What this task involves:
Exact copy, no pictures: repeat the data that follows.

Data shown:
• • • •

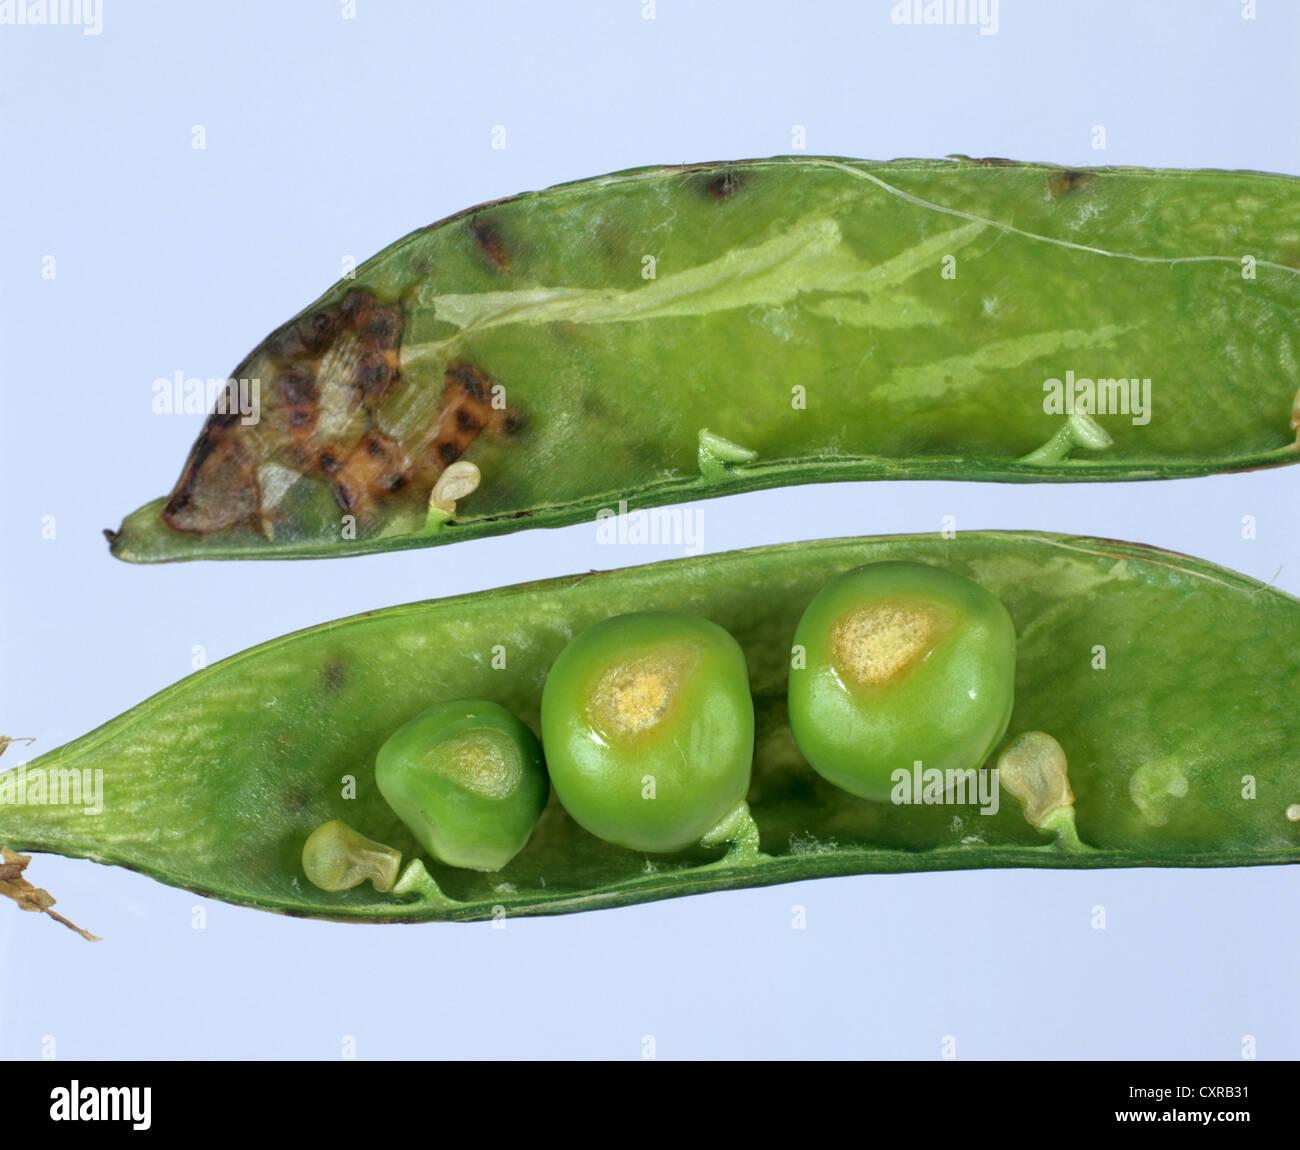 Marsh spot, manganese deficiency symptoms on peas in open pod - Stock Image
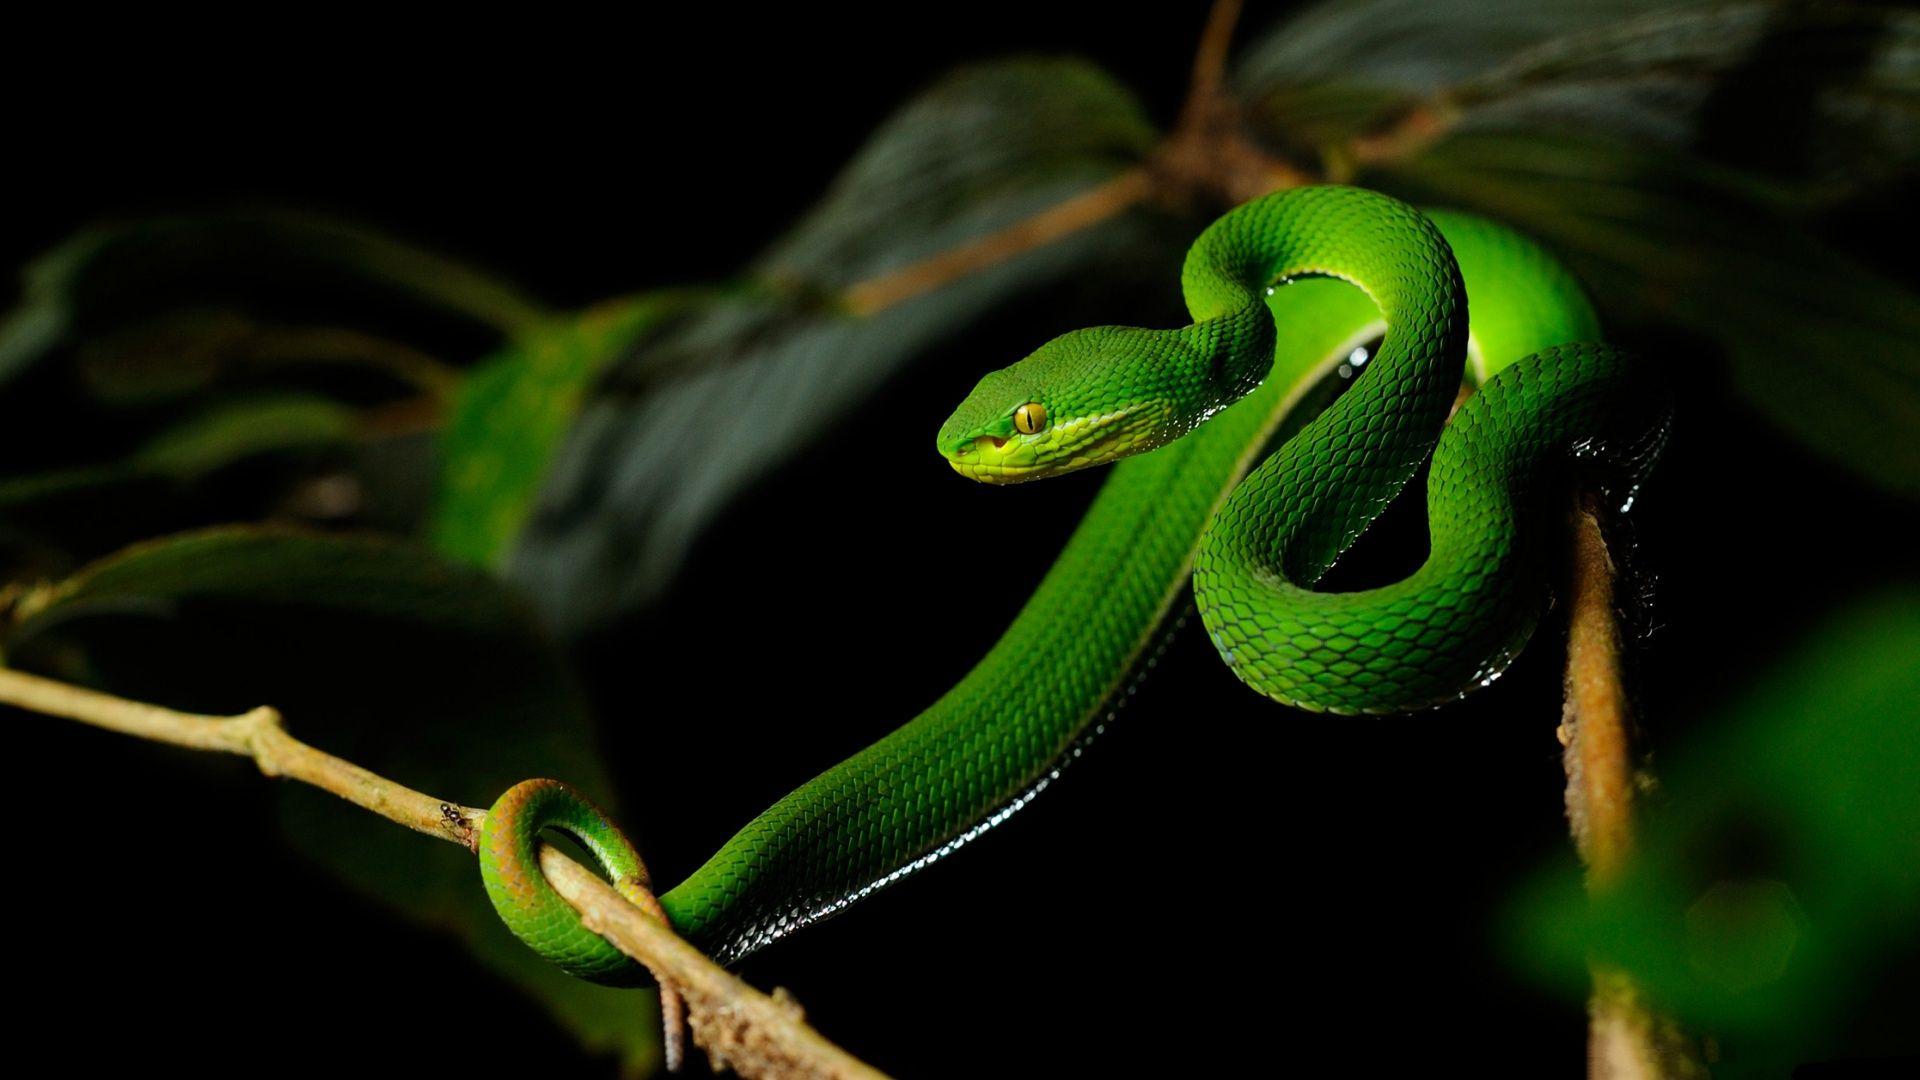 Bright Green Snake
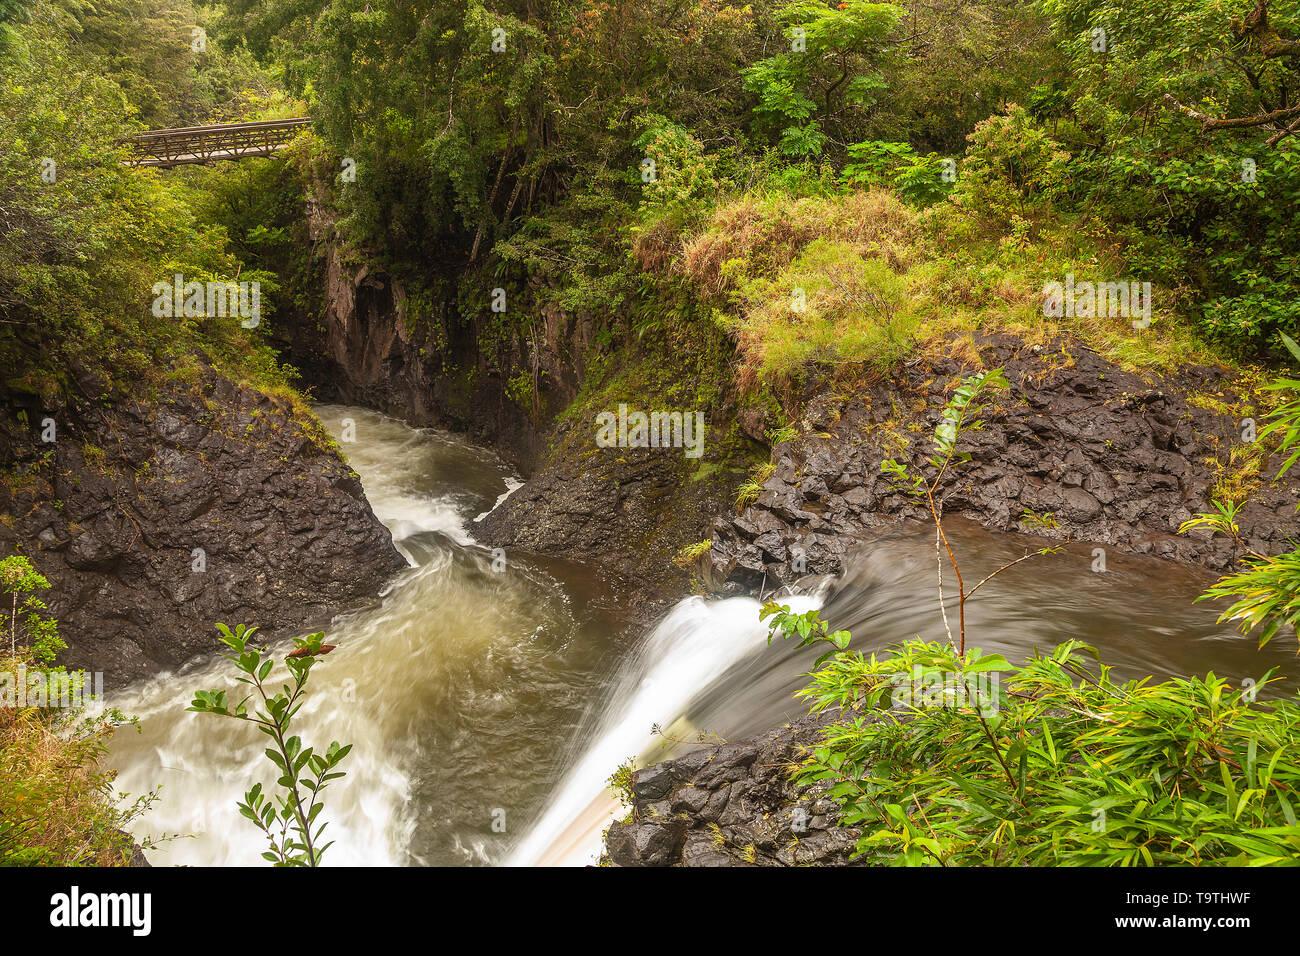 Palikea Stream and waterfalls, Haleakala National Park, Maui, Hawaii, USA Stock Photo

• • • •

Response to the exercise:
 Marsh spot, manganese deficiency symptoms on peas in open pod - Stock Image
 Bright Green Snake
 Palikea Stream and waterfalls, Haleakala National Park, Maui, Hawaii, USA Stock Photo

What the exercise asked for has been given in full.